Exercise data:
++++++++++

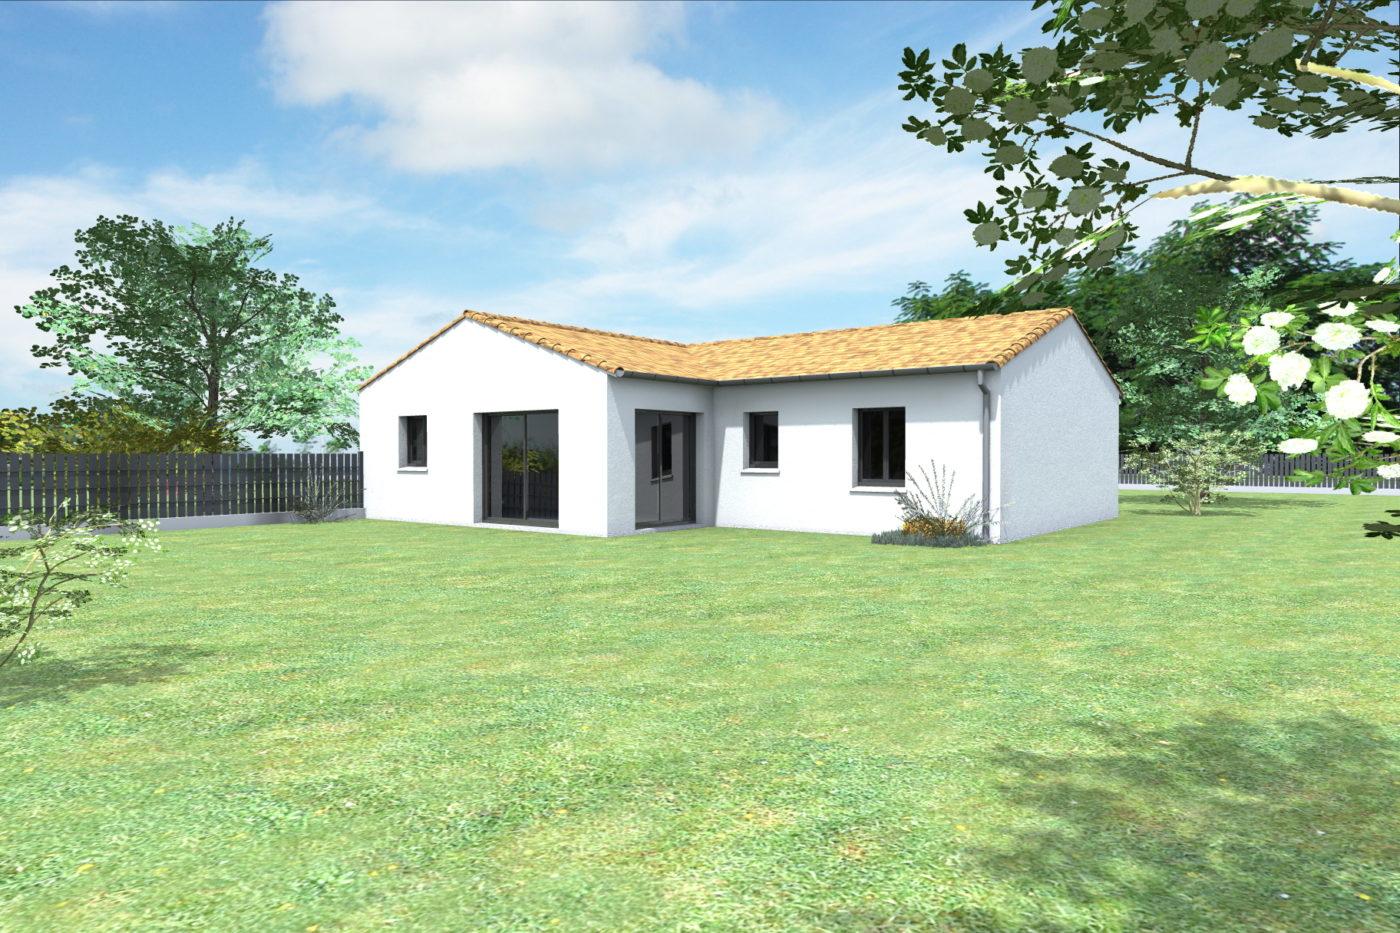 Maison construire arvert bonne maison constructeur for Constructeur de maison 71
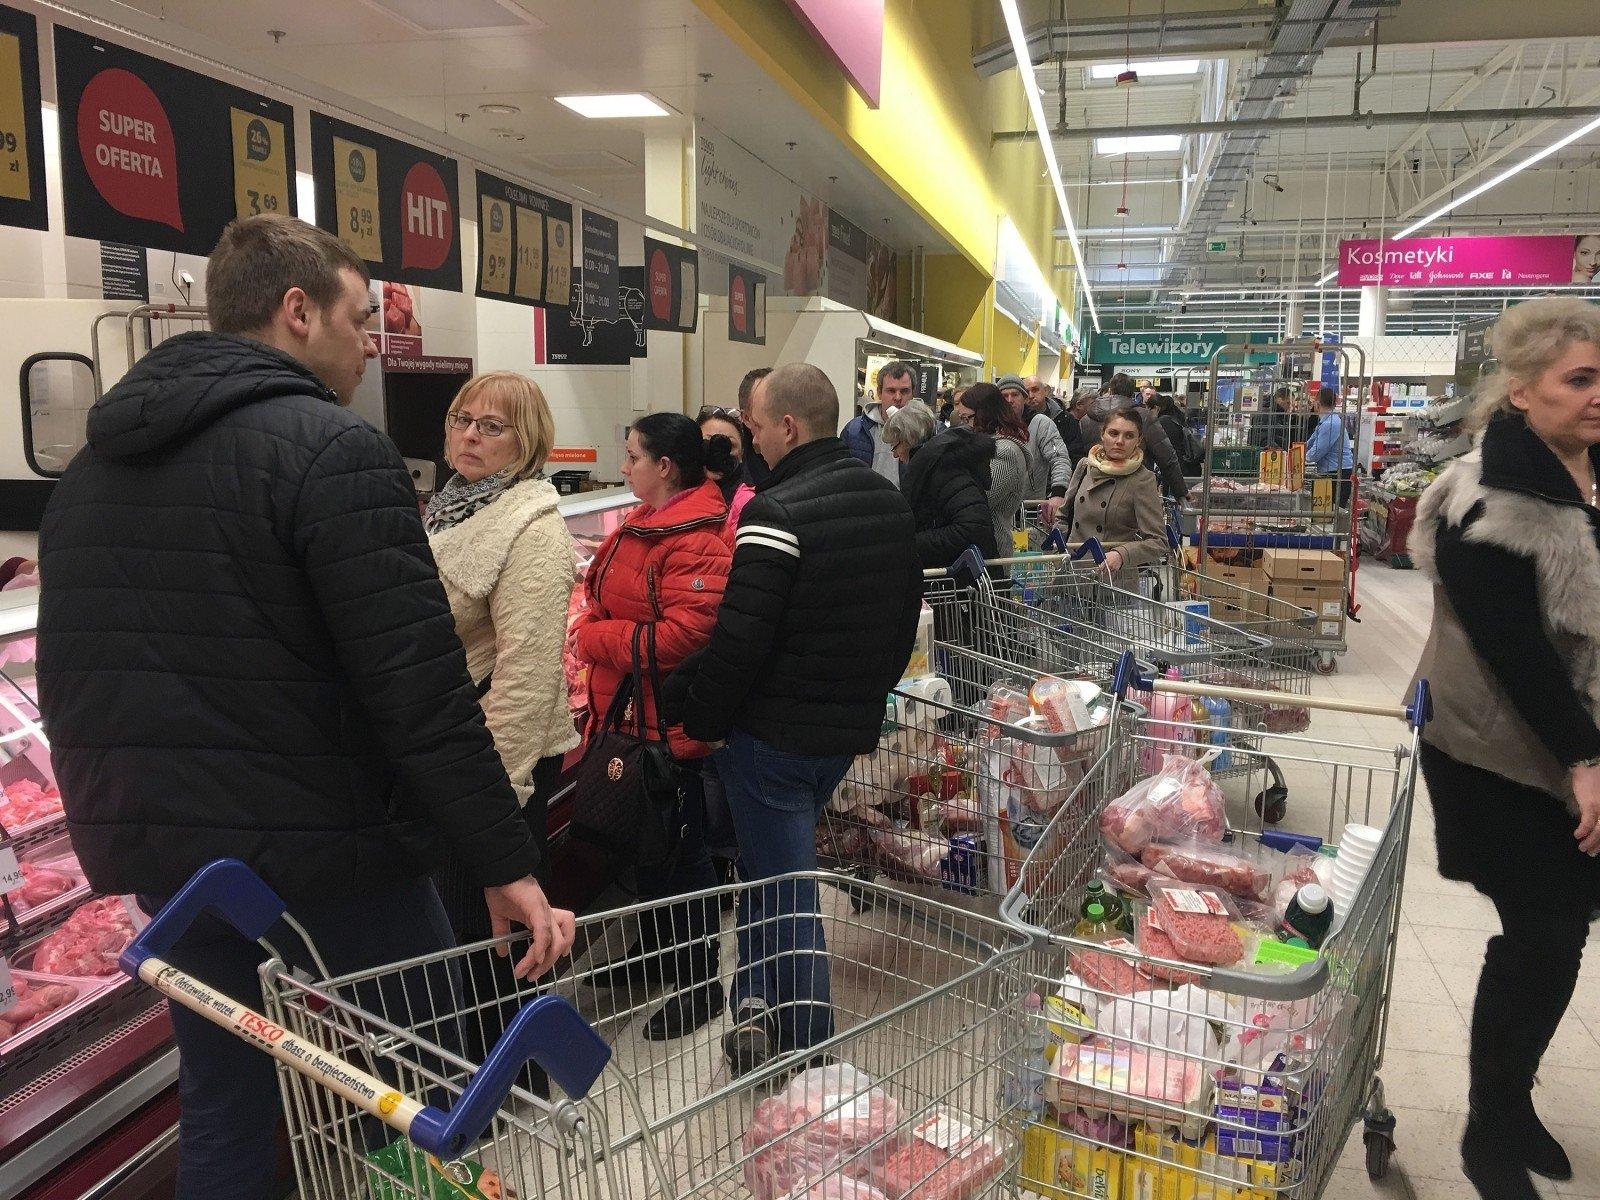 Apsipirkimas lenkijoje 2017
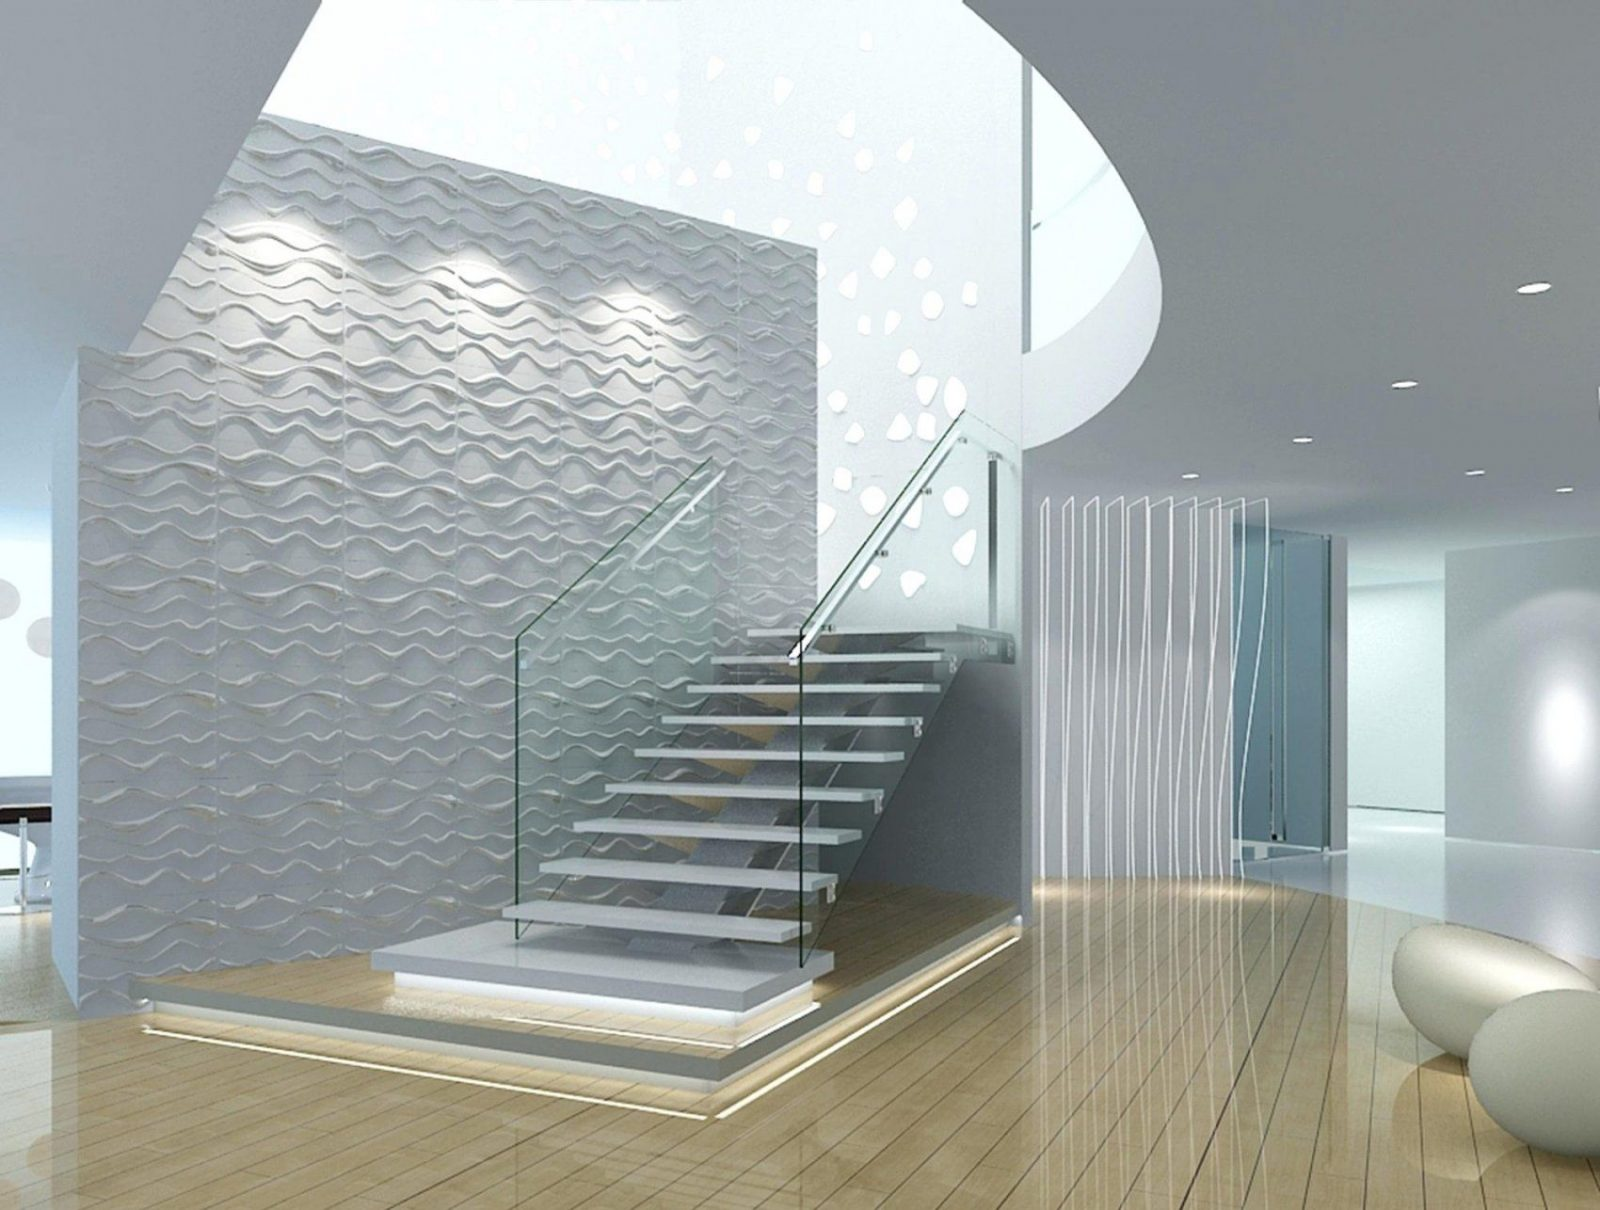 Paneele Streichen D Wandpaneel Calliston V Furnierte Weiss von Holzpaneele Streichen Ohne Schleifen Bild

++++++++++

Required action:
The output must match, line for line, the span from the line containing "Apsipirkimas lenkijoje 2017" through the end of the data, with the pictures removed.

The completed task:
 Apsipirkimas lenkijoje 2017
 Paneele Streichen D Wandpaneel Calliston V Furnierte Weiss von Holzpaneele Streichen Ohne Schleifen Bild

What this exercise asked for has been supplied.